Recovery
By Sarah M
- 4 minutes read - 645 wordsMy journey toward sobriety and through recovery from alcoholism has been full of trial and error, courage, patience and willingness. The ongoing road of growth in recovery is fraught with challenges, the most daunting of which being the moments when I am tempted to drink. Despite the many consequences (whether physical, emotional or spiritual) I have faced in the past due to my consumption of alcohol, temptations and desires still arise and I HAVE to take action in order to protect my sobriety.
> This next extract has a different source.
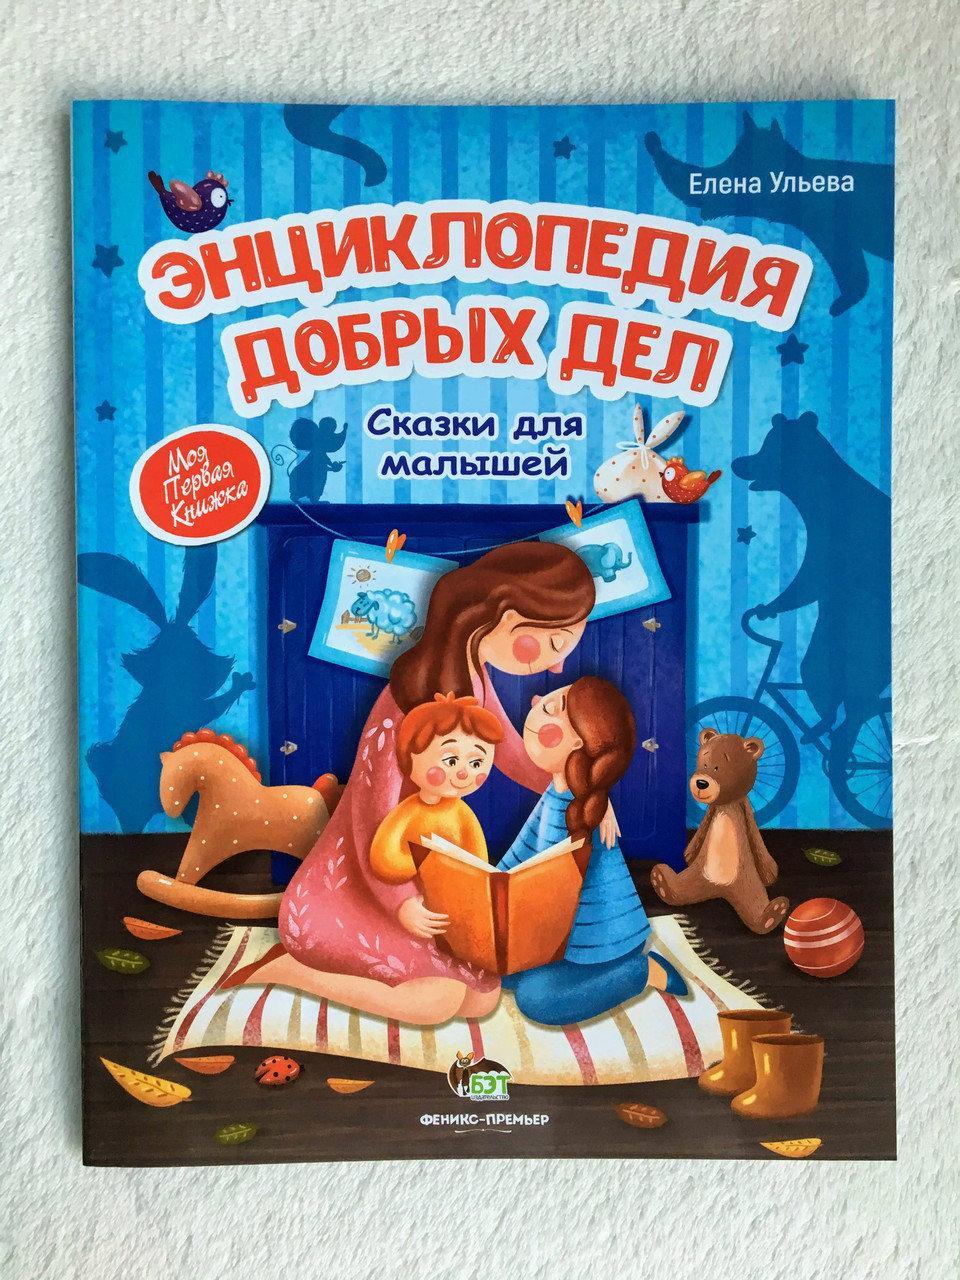 Энциклопедия добрых дел. Сказки для малышей

The tools of action I have collected in my tool box were suggested to me by a variety of sources including substance abuse treatment centers I have spent time in, individual therapy sessions and most predominantly, the rooms of alcoholics anonymous.
As soon as a temptation arises I pause and breathe. I try to use my senses to become aware of the present moment. Nothing is more grounding to me than my breath. Taking a second to separate my body from my thoughts is my foundation for walking through a temptation unscathed.
After a pause and breath, I usually check in with my basic physical and emotional needs using the HALT technique. I ask myself if I am Hungry, Angry, Lonely or Tired? If Yes, to any of those questions, addressing that need first usually gets me away from relapse.
Reaching out for support from another sober friend or family member is also a very effective way to separate myself from temptations. I really don’t like talking on the phone, so for me, I usually send out a text to a trusted support network, honestly sharing about what I am thinking and feeling regarding the craving or desire to drink. Staying open and honest with EVERYONE has been one of the most important principles to my long term sobriety. Supportive relationships not only keep me accountable, but often help remind me of the heavy burden of guilt and shame that inevitably follows a relapse and all the harm and chaos I ignite around me; a fact I am unable to consider in the tempting moment.
Changing my environment is also a simple, yet very effective way for me to navigate a temptation. Often, the physical setting I am in has the most powerful impact on my emotions and behavior whether at a family event, a bar, sporting event, music show, or any place where the majority is consuming alcohol. Many times I have had to leave social situations early or step away to go for a walk just to create distance from myself and that desire (or my increased anxiety that usually results in temptation). I have recently set a boundary with myself that I cannot attend large family events alone, without my sober husband or other sober support, because it becomes too tempting. This may not be the case for my entire life but it is my truth today. The farther away I am physically from the temptation, the less power it has over me.
One of the most important things I have learned throughout my journey and the last thing I will share is the continuous practice of self compassion. Just because I have the strong desire to drink and the temptation to disrupt my continuous sobriety does not mean I am failing or defective. I am human and my insides are affected by my outsides just like everyone else. I have accepted I am powerless over alcohol but have chosen to not be defeated by it.
Anytime I overcome a moment of temptation, I try to personally celebrate my success, no matter how small it may seem. Every time I choose sobriety, I am making a positive step toward a healthier, more fulfilling life. It is so rewarding to recognize and acknowledge my progress, and be proud of the growth I am experiencing each day as a sober woman.